# Looking for marriage help



## Pizzatime (Jul 13, 2018)

Hi-

I'm 33. My marriage has been extremely troubled and neared divorce many times. My wife has left me at least seven times.
I've always been trying to be a good man and fulfill my duties, though I am very unhappy with my marriage.

I'm 6'4, muscular, and a compassionate man. I have a lot of passion and consider myself kind. I've always been a good provider. I have never asked for much, and I'm used to not being well cared for in my marriage. But when she gets mean, that's when things get rough. Unfortunately I hate conflict and she can generally cow me into submission so I dont stand a chance winning any arguments.

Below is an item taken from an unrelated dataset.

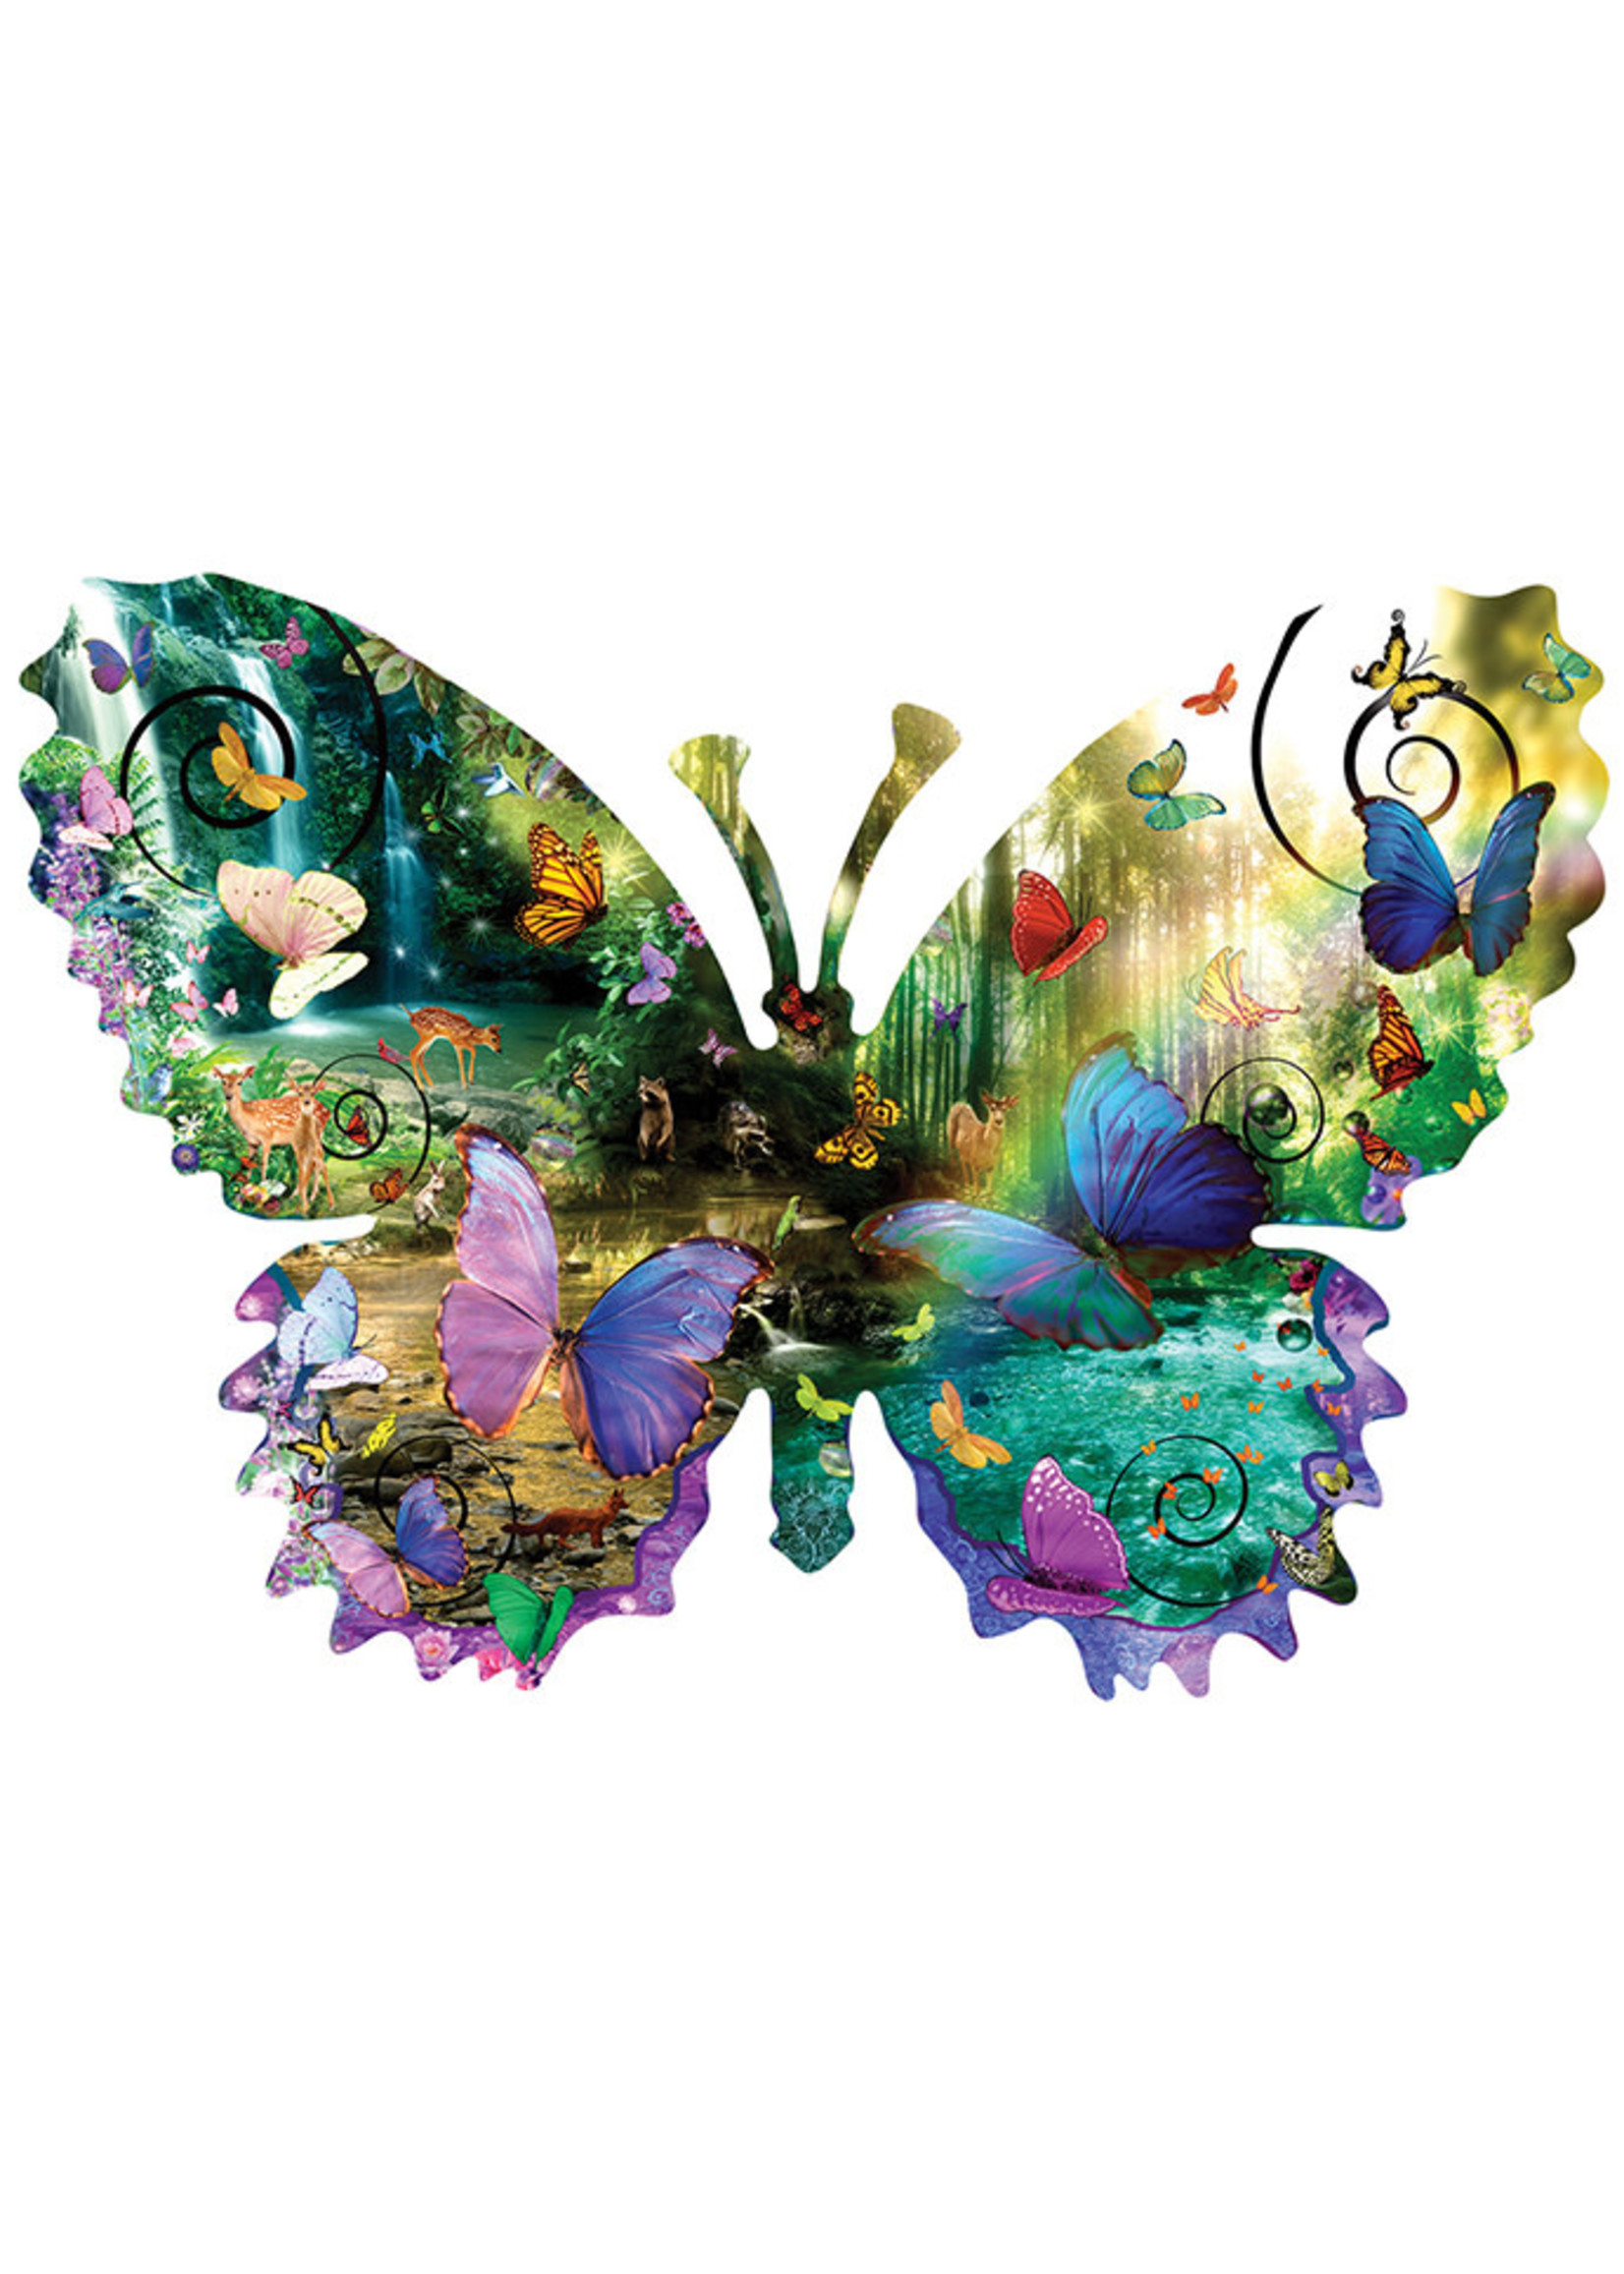 Sunsout Forest Butterfly Special Shaped Puzzle 1000 Pieces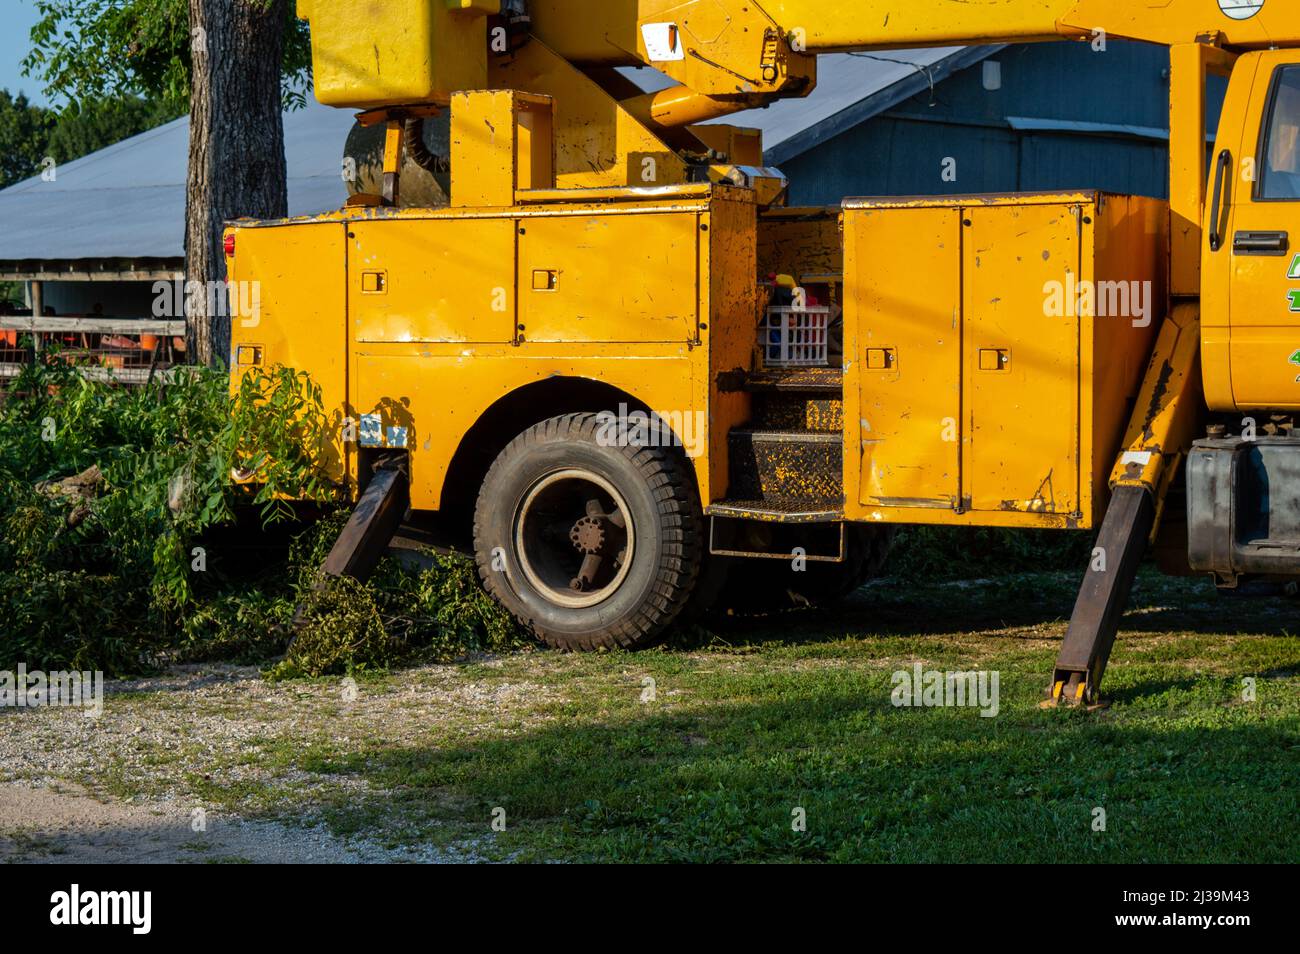 A utility bucket truck is essential when it is time to cut down a old and dying tree from a residential yard. A professional is a must. Stock Photo

I feel trapped in my marriage because of the children. Also because I don't want to hurt her or diminish her quality or life. After 10 years and a near divorce she finally began work, but doesnt want to. She also doesn't like cooking or cleaning. She is constantly depressed and refuses to take care of herself. And while she doesnt really want me, shes made it quite clear that she will not let me go.

Most of the time I am ok with all of this (until she gets mean). But I am a sexual creature, and the best years of my life are disappearing. The sexual frustration is building on me. I've tried talking to her about it, but she claims she is not a ***** and sex is gross.


----------



## anchorwatch (Mar 5, 2012)

It's not too late to have a full life, with or without her. 

You can start here... 

"I'm a Nice Guy, the nicest guy you'd ever want to meet. Why doesn't she want me?"

No More Mr Nice Guy

Hold on to Your NUTs: The Relationship Manual for Men


Nothing will change until you do. IOW, you can't change her, but you can change you. 


Welcome


----------



## Marc878 (Aug 26, 2015)

You feel like you’re compassionate, kind and understanding but it comes across as a doormatish MF Nice Guy. Not a very attractive trait for some women.

You can’t make her do a thing and you have taught her how she can treat you.

Better start with fixing yourself.


----------



## SentHereForAReason (Oct 25, 2017)

Alright, can you elaborate the 7 times your wife has left you?

- What did she say when she was leaving
- How long does these vacancies go
- Where does she say she is going

Something is not adding up here. The way you describe her and it may be completely accurate but you describe her as a lazy troll and you are good in appearance and a good provider. Why does she keep leaving that? In her own words and why do you think?


----------



## anchorwatch (Mar 5, 2012)

@stillfightingforus

Isn't time you change your screen name?


----------



## SentHereForAReason (Oct 25, 2017)

anchorwatch said:


> @stillfightingforus
> 
> Isn't time you change your screen name?


I've thought about it and maybe I will, know that you reminded me but when I thought about it in the past, I still carry the same mission. It's just that I fight for the 3 of us instead of the 4 of us.


----------



## BluesPower (Mar 27, 2018)

Pizzatime said:


> Hi-
> 
> I'm 33. My marriage has been extremely troubled and neared divorce many times. My wife has left me at least seven times.
> I've always been trying to be a good man and fulfill my duties, though I am very unhappy with my marriage.
> ...


Dude, are you serious with this post? Really? 

Man get into therapy, learn where she put your balls, and file for divorce, yesterday, Please...


----------



## Yeswecan (Jul 25, 2014)

Pizzatime said:


> She also doesn't like cooking or cleaning. She is constantly depressed and refuses to take care of herself.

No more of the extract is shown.